Why It Holds Attention When Nothing Else Has

Most forms of exercise fail adults for the same reason. There is no problem to solve. You are just moving until the clock runs out.

Jiu Jitsu is different because every round is a live puzzle with another person actively trying to stop you from solving it. Your brain cannot wander. There is no room to think about work, or your phone, or what you are making for dinner. The only thing that exists is the person in front of you and the problem you are both trying to solve.

That full absorption is rare. Most adults have not experienced it since they were children playing a sport that actually mattered to them. It is a significant part of why people who train regularly describe it less like a workout and more like the best hour of their week.

There is also something that happens over months of training that is difficult to explain to someone who has not experienced it. You become harder to rattle. Not because you become more aggressive, but because you have spent hundreds of hours in uncomfortable positions and figured your way out. That composure does not stay on the mat. It follows you.

See how our Jiu Jitsu classes in Laurel work.

What Jiu Jitsu Actually Develops
The physical benefits are real but they are not the reason people stay for years.

What people stay for is harder to put on a flyer. It is the experience of working on something that has no ceiling. You cannot finish Jiu Jitsu. There is no point at which you have learned everything. A black belt is not the end. It is closer to a driver’s license. Most of the real learning happens after.

For adults who have spent years in careers where growth is incremental and hard to see, that kind of open-ended improvement is genuinely unusual.
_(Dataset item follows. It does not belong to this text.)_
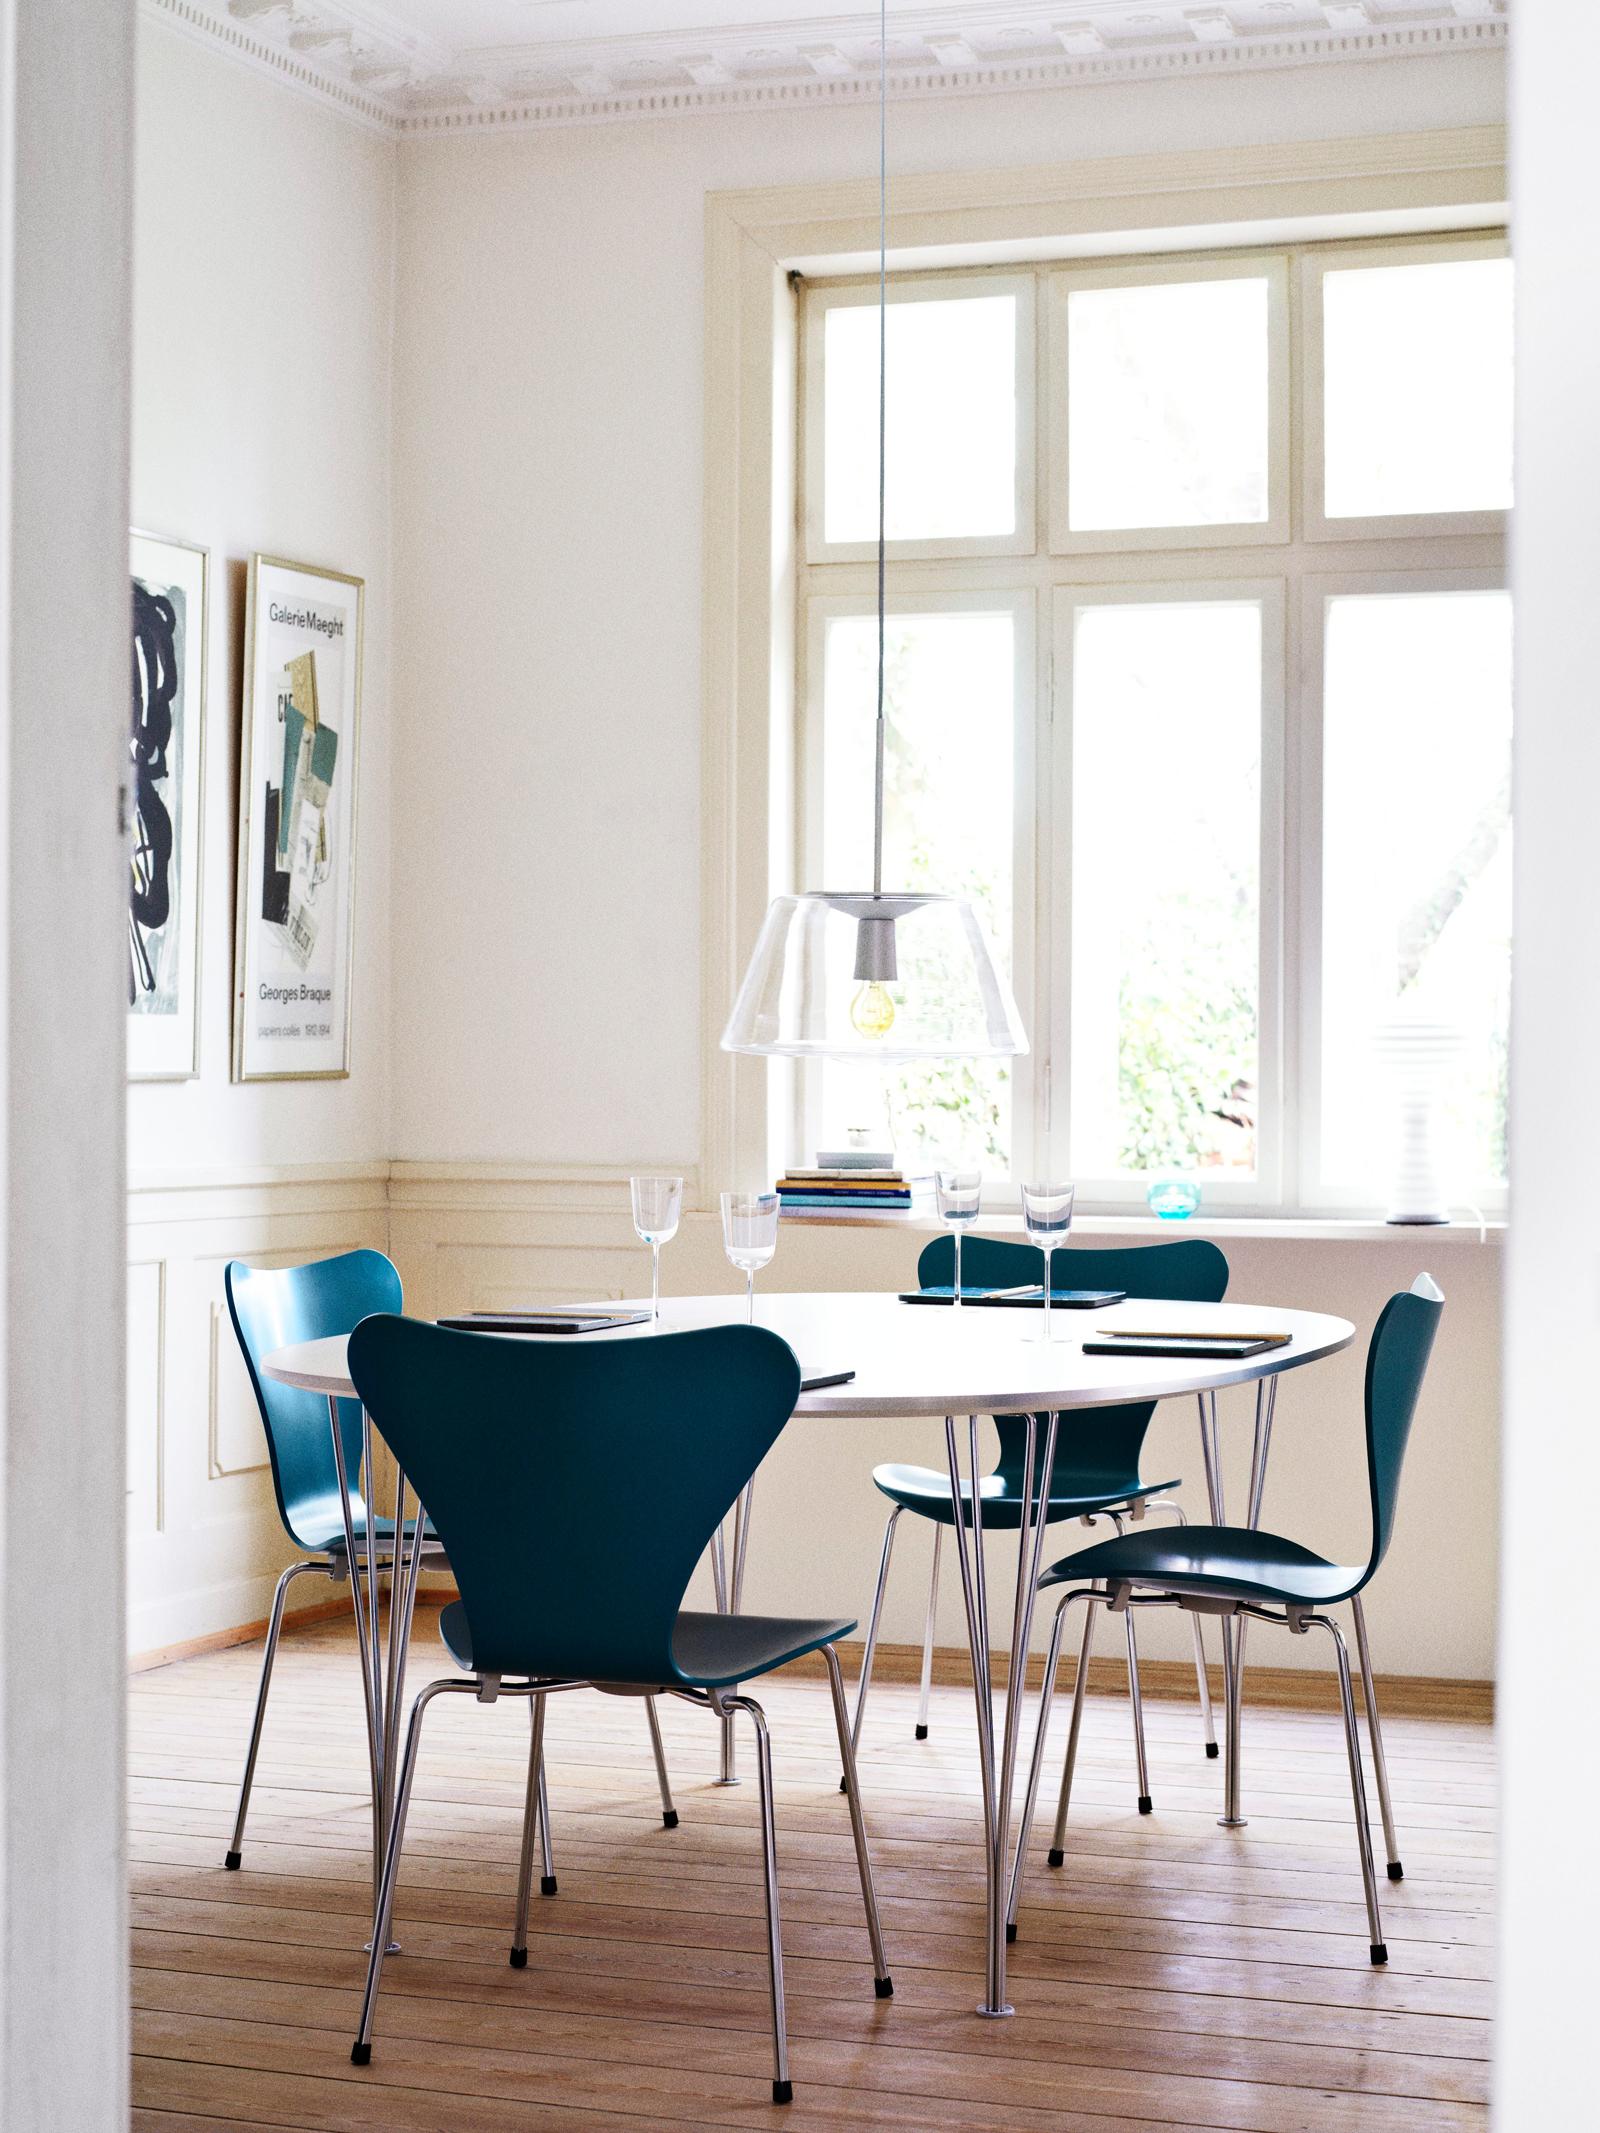 Blaue Holzstühle um runden Esstisch #dielenboden #esstisch #holzstuhl #runderesstisch ©Fritz Hansen/Sus Bojesen Rosenqvist

You can feel yourself getting better in ways that have nothing to do with how you look or what the scale says.

What You Need to Start
A t-shirt and athletic shorts.

That is the complete list.

If you try Gi Jiu Jitsu we have loaner uniforms. You do not need to buy anything before your first class. You do not need to prepare. The first class is guided from start to finish.

The One Thing Worth Knowing Before You Decide

Every person at 2nd Gear who has been training for more than a year says some version of the same thing when you ask them about starting.
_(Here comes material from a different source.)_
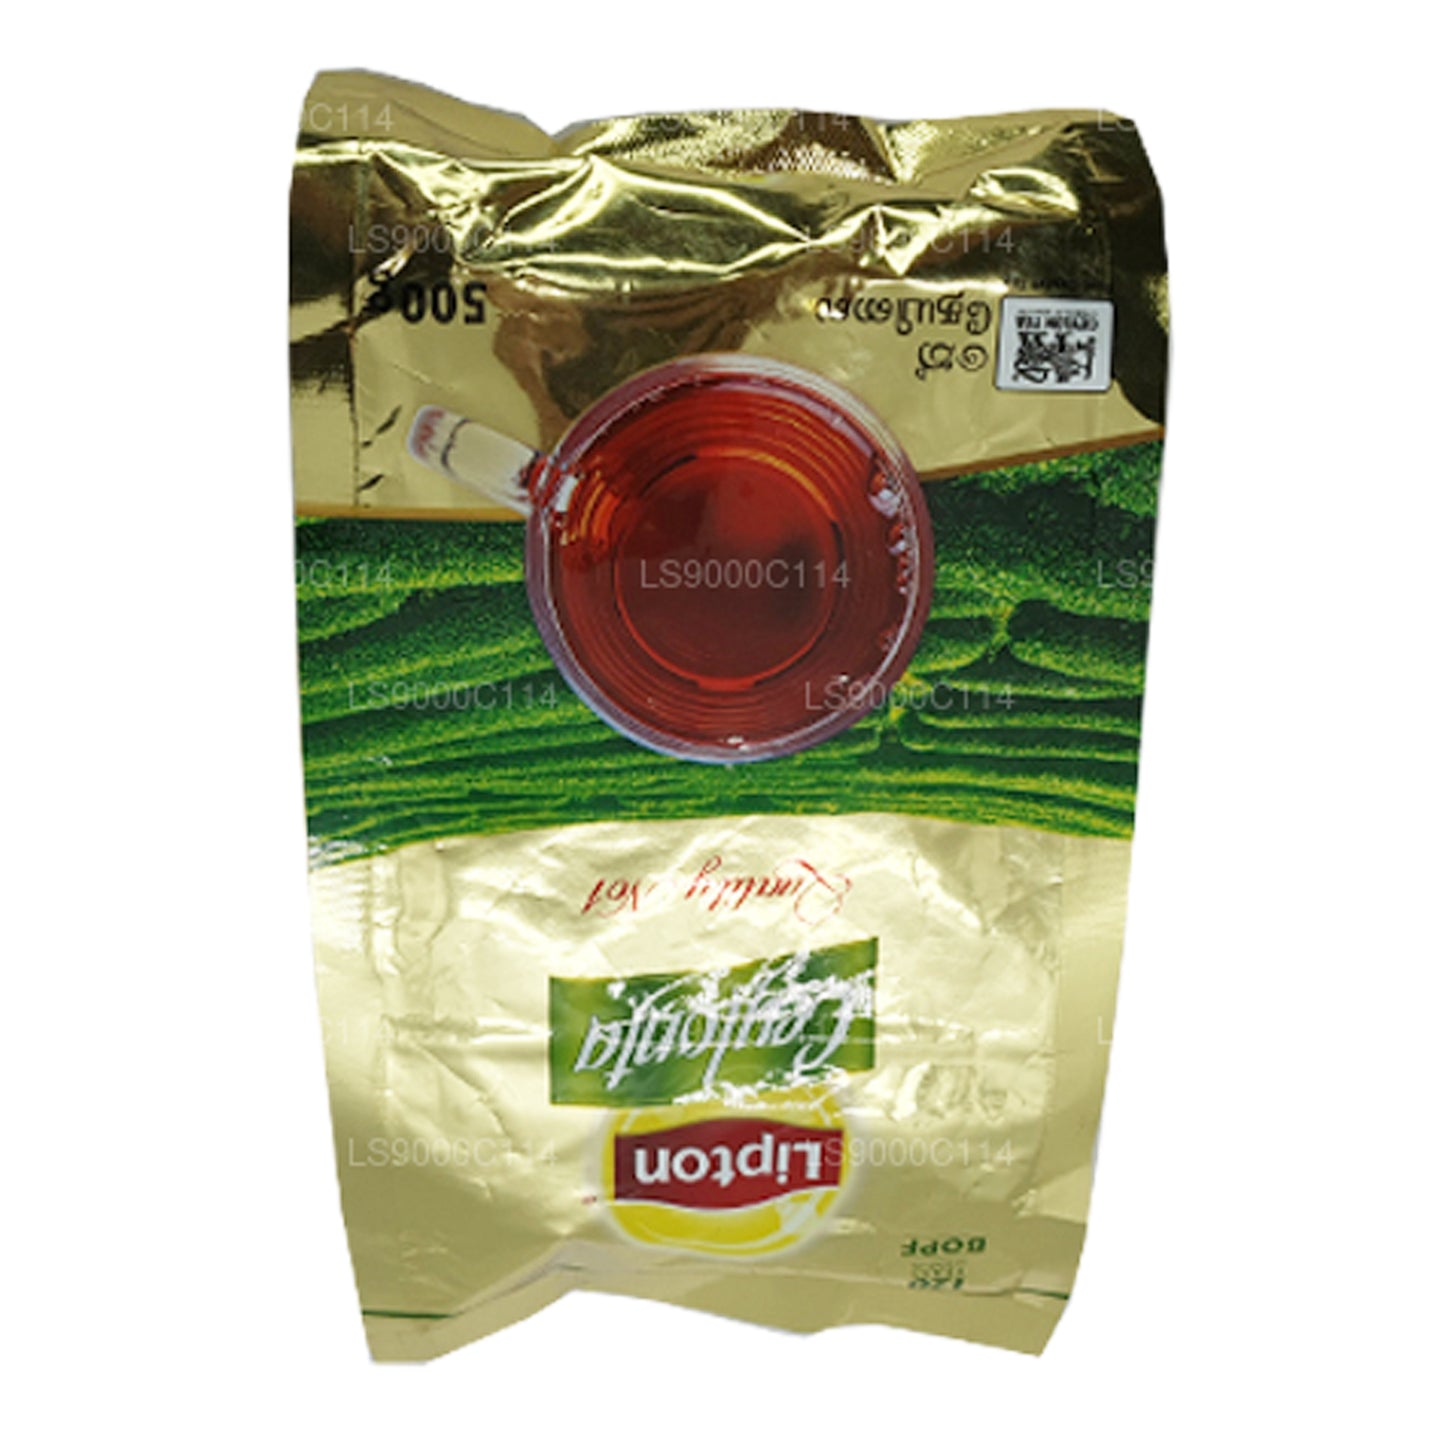 Lipton Ceylonta Çay Yaprakları (500g)

They wish they had done it sooner.

Not because they were missing out on fitness. Because they were missing out on something that turned out to matter more to them than they expected. A skill that compounds. A room full of people who want each other to improve. A version of themselves they did not know was available.

That version does not require you to be ready. It just requires you to show up once.

Try a free class and see how it feels.

7 Things That Surprise People Most When They Start Jiu Jitsu

7 Things That Surprise People Most When They Start Jiu Jitsu

Most people who try jiu jitsu for the first time did not expect to like it as much as they did. Some of them spent months thinking about it before they actually showed up. A few of them almost talked themselves out of it entirely.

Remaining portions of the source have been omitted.